Hello,
I am surprised that the power switch is only 0.3A, for what potential?
"FDMS8025 FET has a Resistance of 3.5 milliohms" Yes for 4.5V but at 21A! Adding solder connections is probably more.
By convention, the negative pole of a circuit is also named by the term "Ground" is often used to refer to a common reference point for voltage in a circuit. In many circuits, the negative terminal is often connected to ground (0 volts) to provide a reference point to measure the voltage. This ensures the safety and stability of electrical systems.
Why the negative is the ground:
- The ground serves as a return path for the current and a reference point for voltages in a circuit.
- In many DC circuits, especially in battery supplied systems, the negative terminal is generally at a potential lower than the positive terminal.
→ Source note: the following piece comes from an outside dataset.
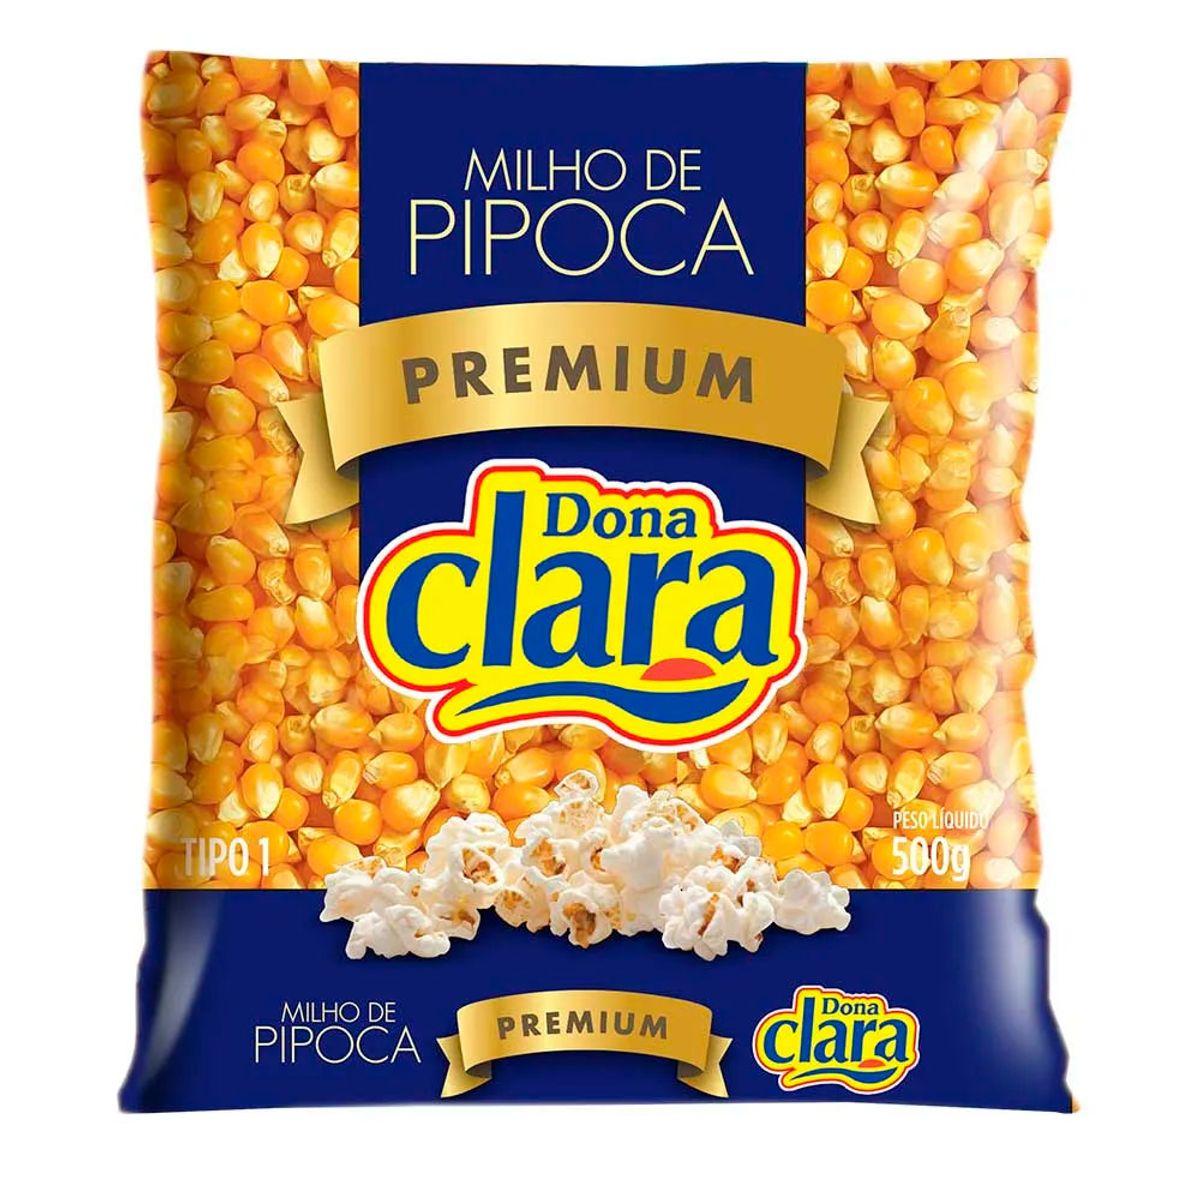 MILHO DE PIPOCA PREMIUM DONA CLARA

The landing of the negative terminal helps to establish a common reference point for all the components of the circuit.
Well, this is up to you, it's just a convention!
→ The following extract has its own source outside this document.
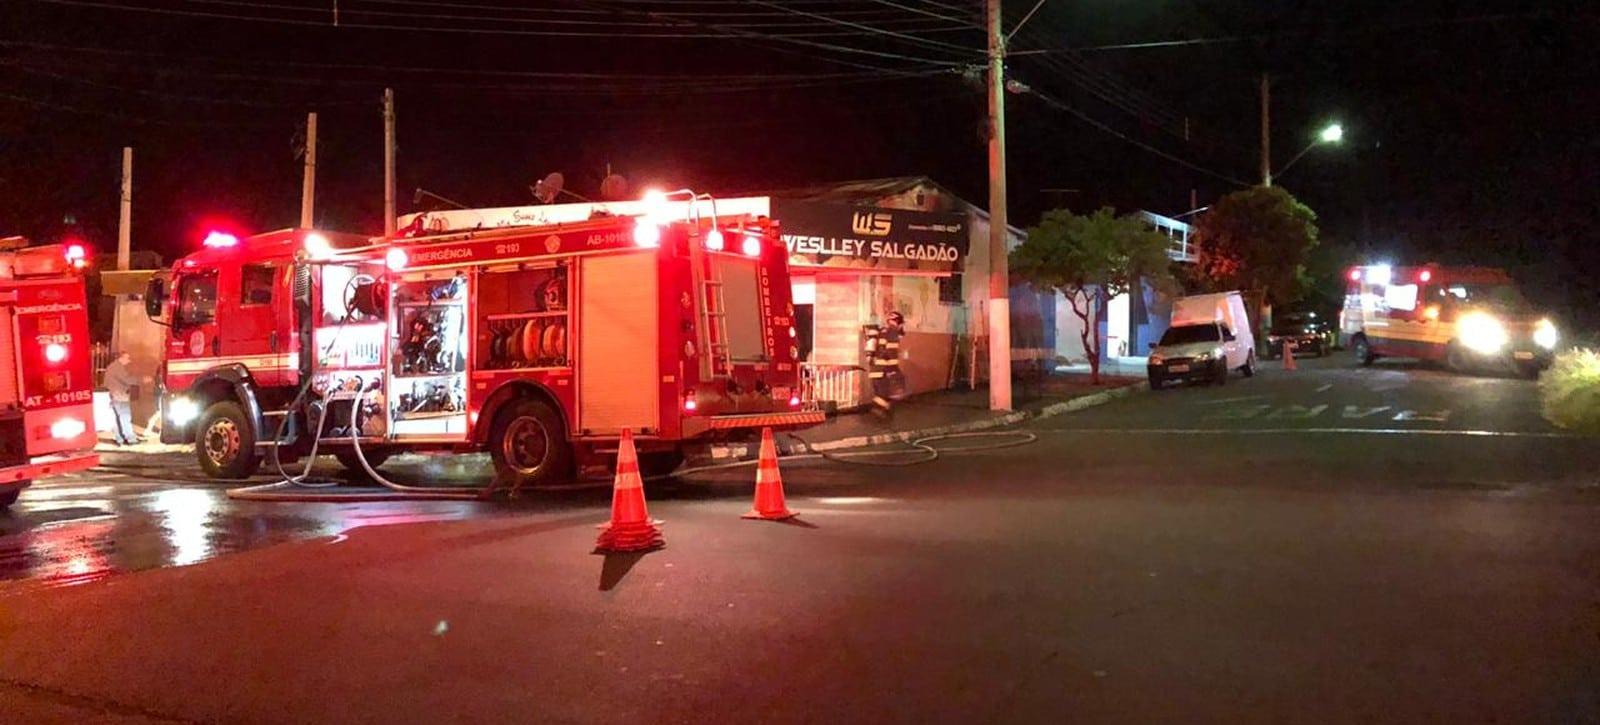 Incêndio destruiu grande parte de uma lanchonete na zona Norte de Marília (SP) — Foto: Marília Notícia/Divulgação

I understood for C6, my concept should be to cut the positive using only a switch able to support 5V and 2A (or more).
I make a mistake on my surface calculation, no real dimension on the size of the PCB sorry, BTW, take a new PCB with full copper on both sides and weigh it, do it for your current PCB and you will have a good idea of weight difference. It's up to you to see if x% of weight increase is less than x% flight autonomy. Same for the increase in traces. (Is the flight weight in pico-gram )
For the time constant, it is determined by R6 (22K) and C5 (100nF) which gives, more or less 2.2 ms, sorry to send you back the question, but why do you put this on PB4 of the UC? The key is probably in your code, but without it, impossible to understand the reason.
My supposition, If PB4 is an input, and PB1 an output, makes it possible to consider this R/C for power on reset (POR), to be sure of the UC state at startup. In this case, are 2.2 ms sufficient or not? The Attiny turns below 100us, it should be enough!
You agree?